The CDC has recommended nursing homes place alcohol-based hand sanitizer with 60% to 95% alcohol inside and outside every resident room, if possible, and in every common area.

Additionally, nursing homes should ensure sinks are well-stocked with soap and paper towels for handwashing. They should make tissues and face masks available for people who are coughing, and make necessary PPE available in areas where resident care is provided.

Finally, they should ensure hospital-grade disinfectants are available to allow for frequent cleaning of high-touch surfaces and shared resident equipment.

However, the healthcare company Premier said that 87% of healthcare personnel who have responded to a survey said they are not receiving full quantities of the personal protective equipment items they order.

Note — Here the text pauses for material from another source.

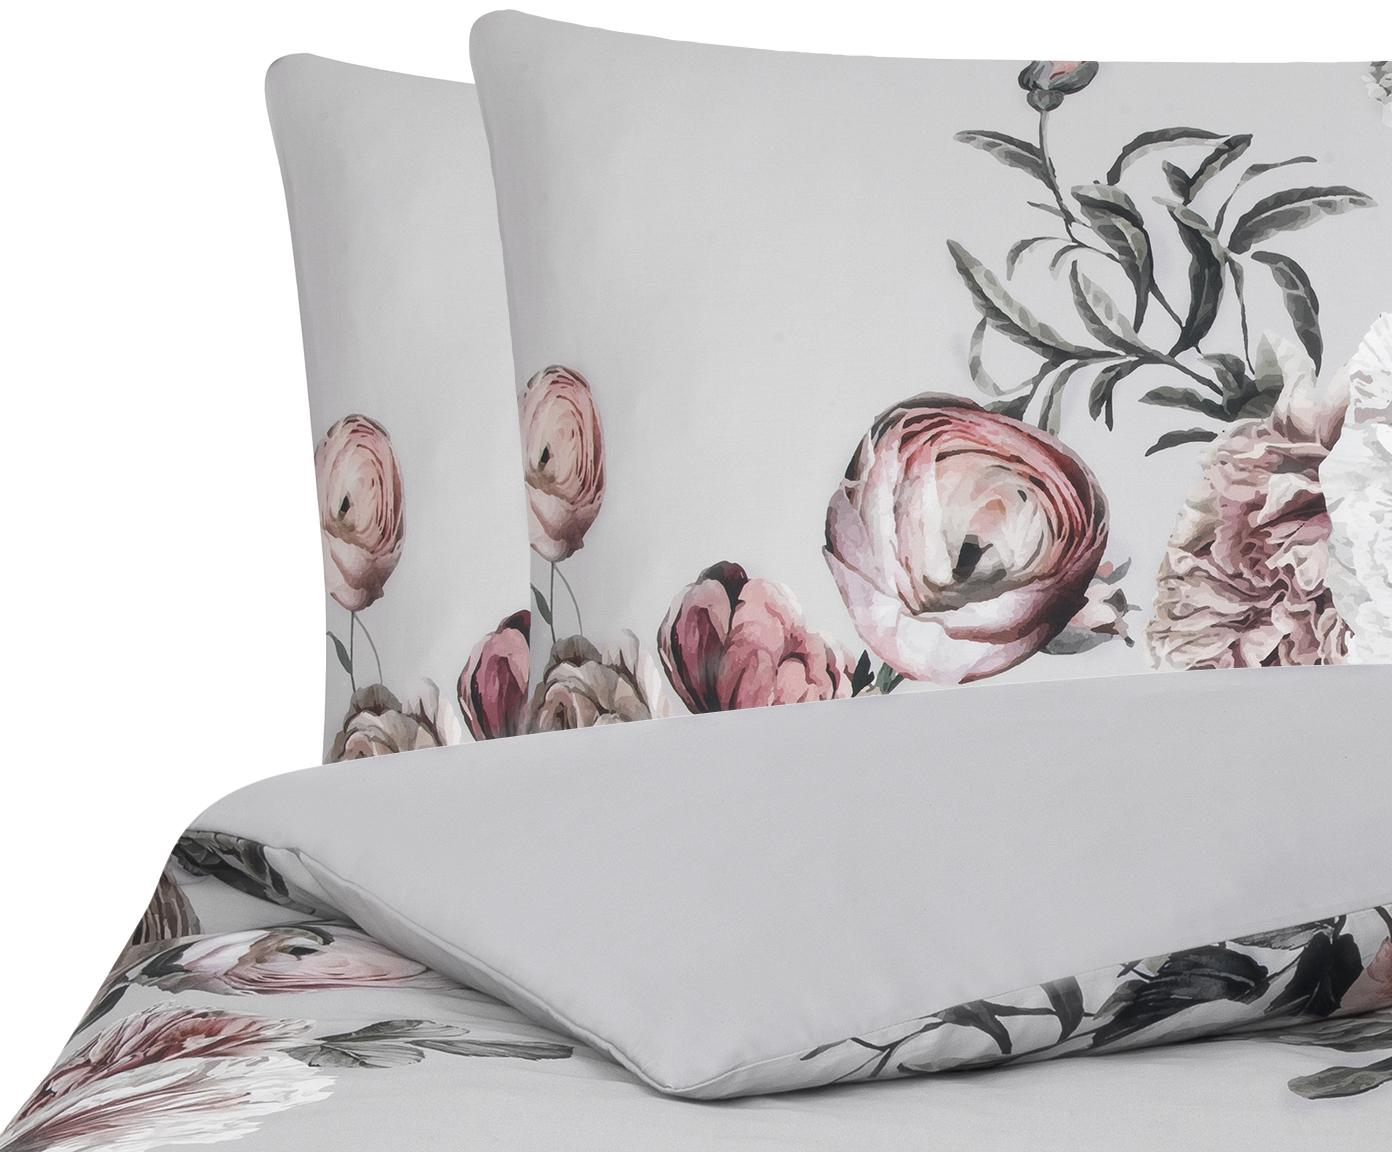 Baumwollsatin-Bettwäsche Blossom mit Blumen-Print, Webart: Satin Fadendichte 210 TC,, Mehrfarbig, Grau, 200 x 200 cm + 2 Kissen 80 x 80 cm
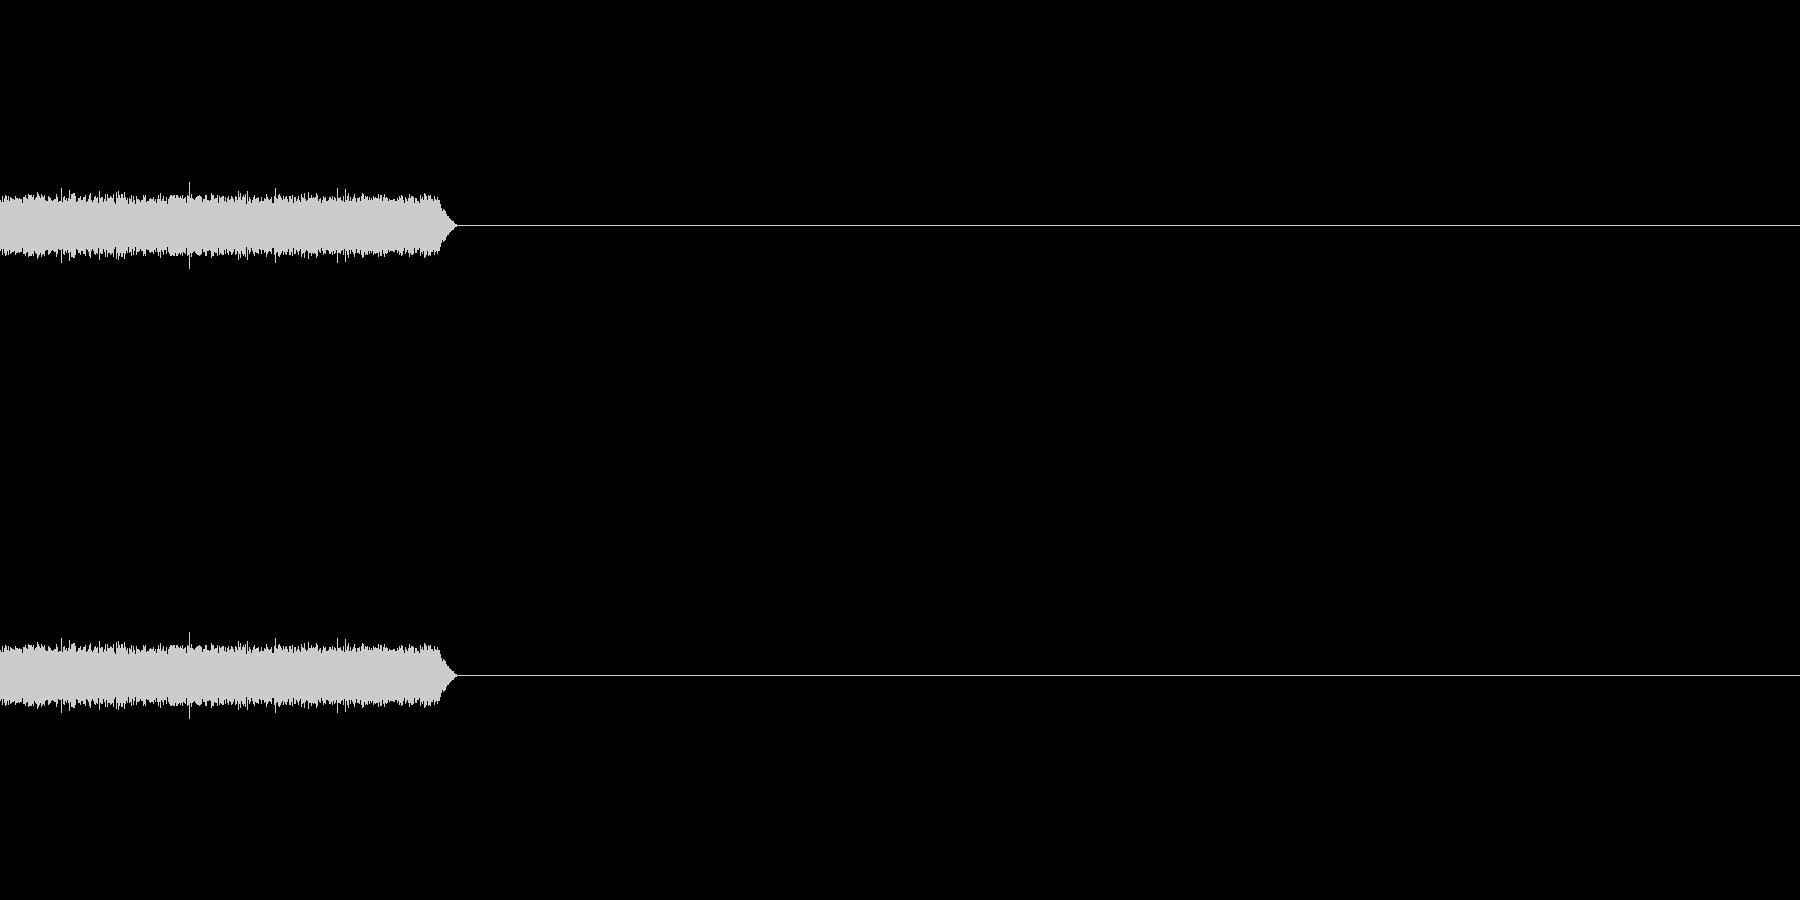 【ホワイトノイズ-1】の未再生の波形

N95 face masks are the most urgently needed supply, with nearly a third (30%) who responded reporting no inventory on hand.

The problem is particularly dire in New York State, where the government has ordered senior living employees to wear masks every shift.

Two-thirds of senior living facilities in the United States cannot obtain the necessary N95 masks, face shields and other personal protective equipment, Premier said.

Healthcare distributors have placed more than 700 unique PPE stock-keeping units on allocation due to COVID-19. Allocation is a process that restricts ordering when demand for a particular product spikes to avoid hoarding. The downside of allocation is that it may limit healthcare providers in the amounts they can buy, even if they have legitimate reasons for larger orders.


On Friday, President Trump declared the rapidly evolving COVID-19 pandemic a national emergency.

The President's declaration empowers the Secretary of Health and Human Services to authorize the Centers for Medicare and Medicaid Services to take proactive steps through 1135 waivers to federal requirements in Medicare, Medicaid and CHIP.

Because of the declaration, hospitals will be able to discharge patients to skilled nursing facilities more quickly, thus freeing up beds for the most severely ill patients. It removes restrictions for critical-access hospitals that serve rural areas, and also for healthcare professionals so that they may more easily provide care across state lines.

Also, CMS is allowing for the expansion of telehealth, allowing people to communicate with their providers from home.

CMS said it would introduce more flexibility on telehealth in the coming days.

In addition, CMS will temporarily suspend certain Medicare enrollment screening requirements, including site visits and finger-printing for non-certified Part B suppliers, physicians and non-physician practitioners; and it is temporarily suspending non-emergency survey inspections.